Among those who did receive a bonus, the size of the payment varied substantially. Reported bonuses ranged from 0% to 4% of base salary. The remaining 70% of investigators reported no bonus at all over the same period.

Which careers pay bonuses in Poland

Revenue-facing roles tend to pay the biggest bonuses. Operational and support roles tend toward smaller, more predictable ones.

  • Finance
  • Architecture
  • Sales
  • Business Development
  • Marketing / Advertising
  • Information Technology
  • Healthcare
  • Insurance
  • Customer Service
  • Human Resources
  • Construction
  • Transport
  • Hospitality

Investigator: public vs private sector pay

Public-sector pay in Poland is about 9% more than private-sector pay for similar work. The private sector typically offers stronger upside and bigger bonuses; the public sector typically offers better benefits and stability.

Public vs private pay gap

9%

Public-sector workers earn this much more than private-sector workers in Poland on average.

Public sector 93,780 PLN
Private sector 85,700 PLN

Investigator salary by city in Poland

Investigator pay is not even across Poland. The chart below shows the highest-paying cities in the dataset, followed by the full location table.

  • Warsaw
  • Gdansk
  • Krakow
  • Szczecin
  • Poznan
  • Wroclaw
  • Lublin
  • Katowice
LocationTypeAverageMedianRange
WarsawCity99,080 PLN101,920 PLN48,740-152,300 PLN
GdanskCity96,600 PLN105,080 PLN45,560-152,000 PLN
KrakowCity94,400 PLN101,980 PLN43,520-152,100 PLN
SzczecinCity93,280 PLN87,760 PLN49,360-142,300 PLN
PoznanCity91,560 PLN89,960 PLN43,520-138,800 PLN
WroclawCity91,520 PLN88,020 PLN47,720-142,300 PLN
LublinCity87,940 PLN98,140 PLN41,180-143,200 PLN
KatowiceCity87,520 PLN83,140 PLN46,400-130,400 PLN


Investigator in Poland: FAQs

  • How much does an investigator make per month in Poland?

    An investigator in Poland earns about 7,778 PLN a month before tax, based on an annual average of 93,340 PLN.

  • What's the salary range for an investigator in Poland?

    Entry-level investigators in Poland start near 46,160 PLN. Top-end pay reaches around 148,300 PLN. The middle 50% of earners sit between 64,640 and 125,100 PLN.

  • Is the median investigator salary in Poland higher or lower than the average?

    The median is 96,960 PLN, higher than the average of 93,340 PLN. Half of investigators in Poland earn below the median, half earn above it.

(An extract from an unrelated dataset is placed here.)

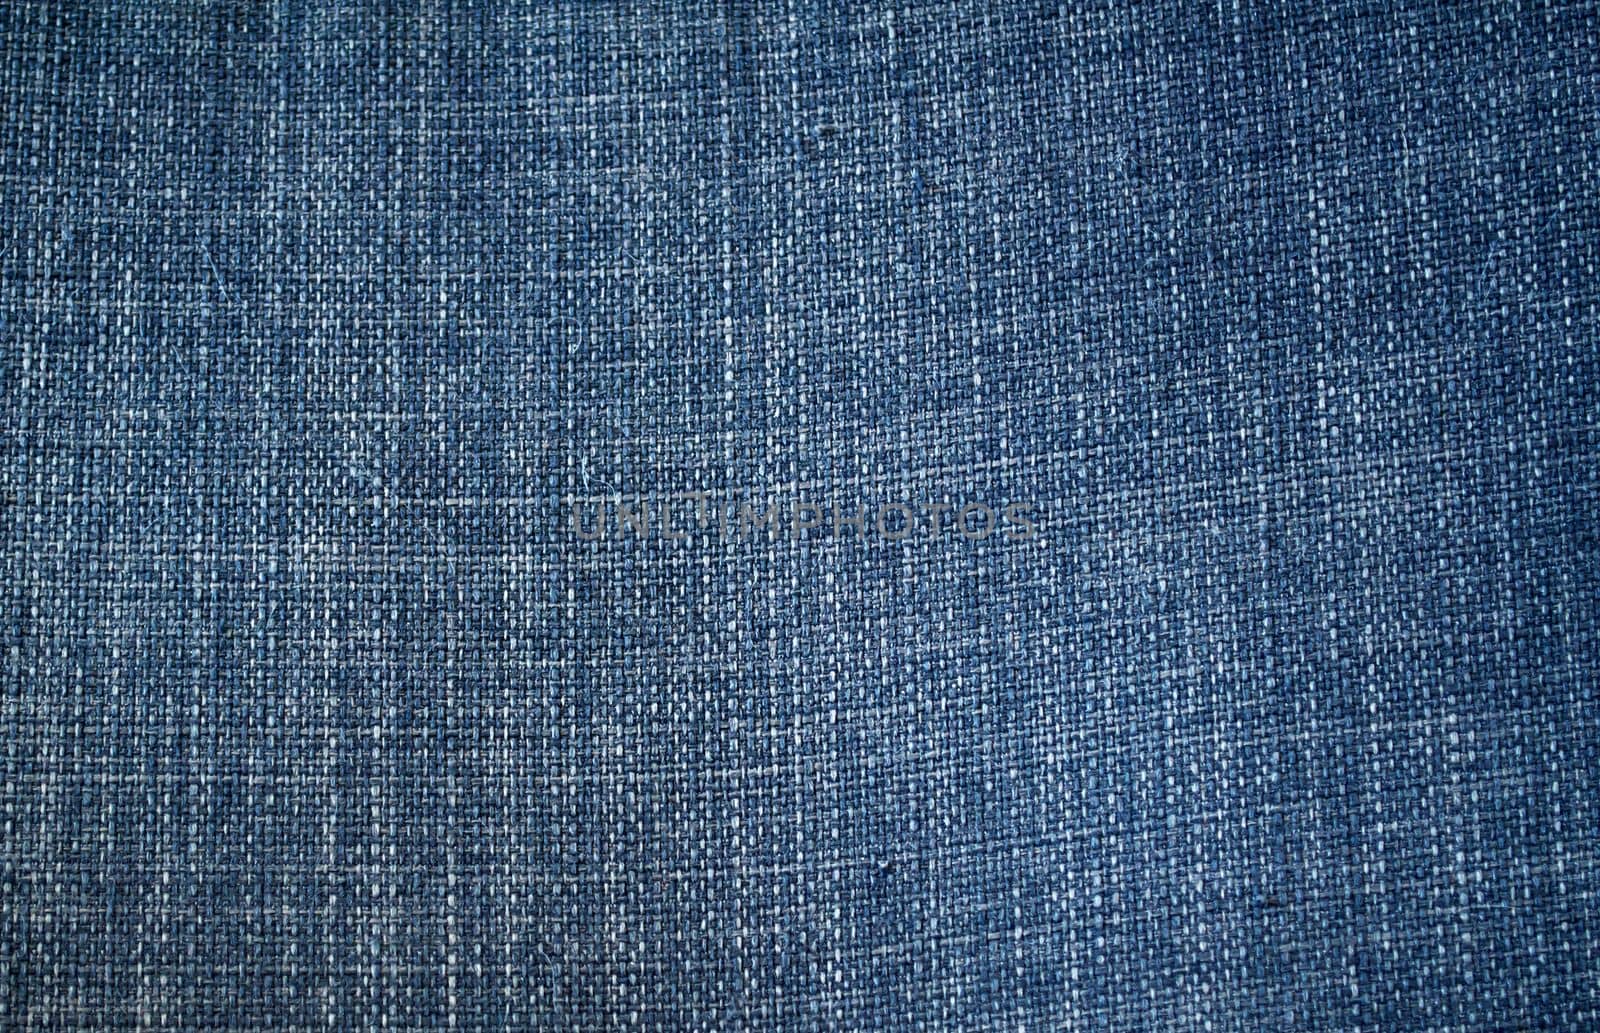 
Background, texture, denim. Close-up photo of blue denim fabric.

  • What's the gender pay gap for investigators in Poland?

    Men working as an investigator in Poland earn around 3% more than women on average (95,420 vs 92,400 PLN a year).

  • Do investigators in Poland get bonuses?

    About 30% of investigators in Poland reported a bonus in the past 12 months. Reported bonuses ranged from 0% to 4% of base salary.

  • Do investigators earn more in the public or private sector in Poland?

    In Poland, the public sector pays an investigator about 9% more on average. Public-sector pay tends to be steadier; private-sector pay tends to offer bigger upside.

  • How often do investigators in Poland get a pay raise?

    An investigator in Poland sees a raise of around 9% every 20 months, equivalent to roughly 5% a year.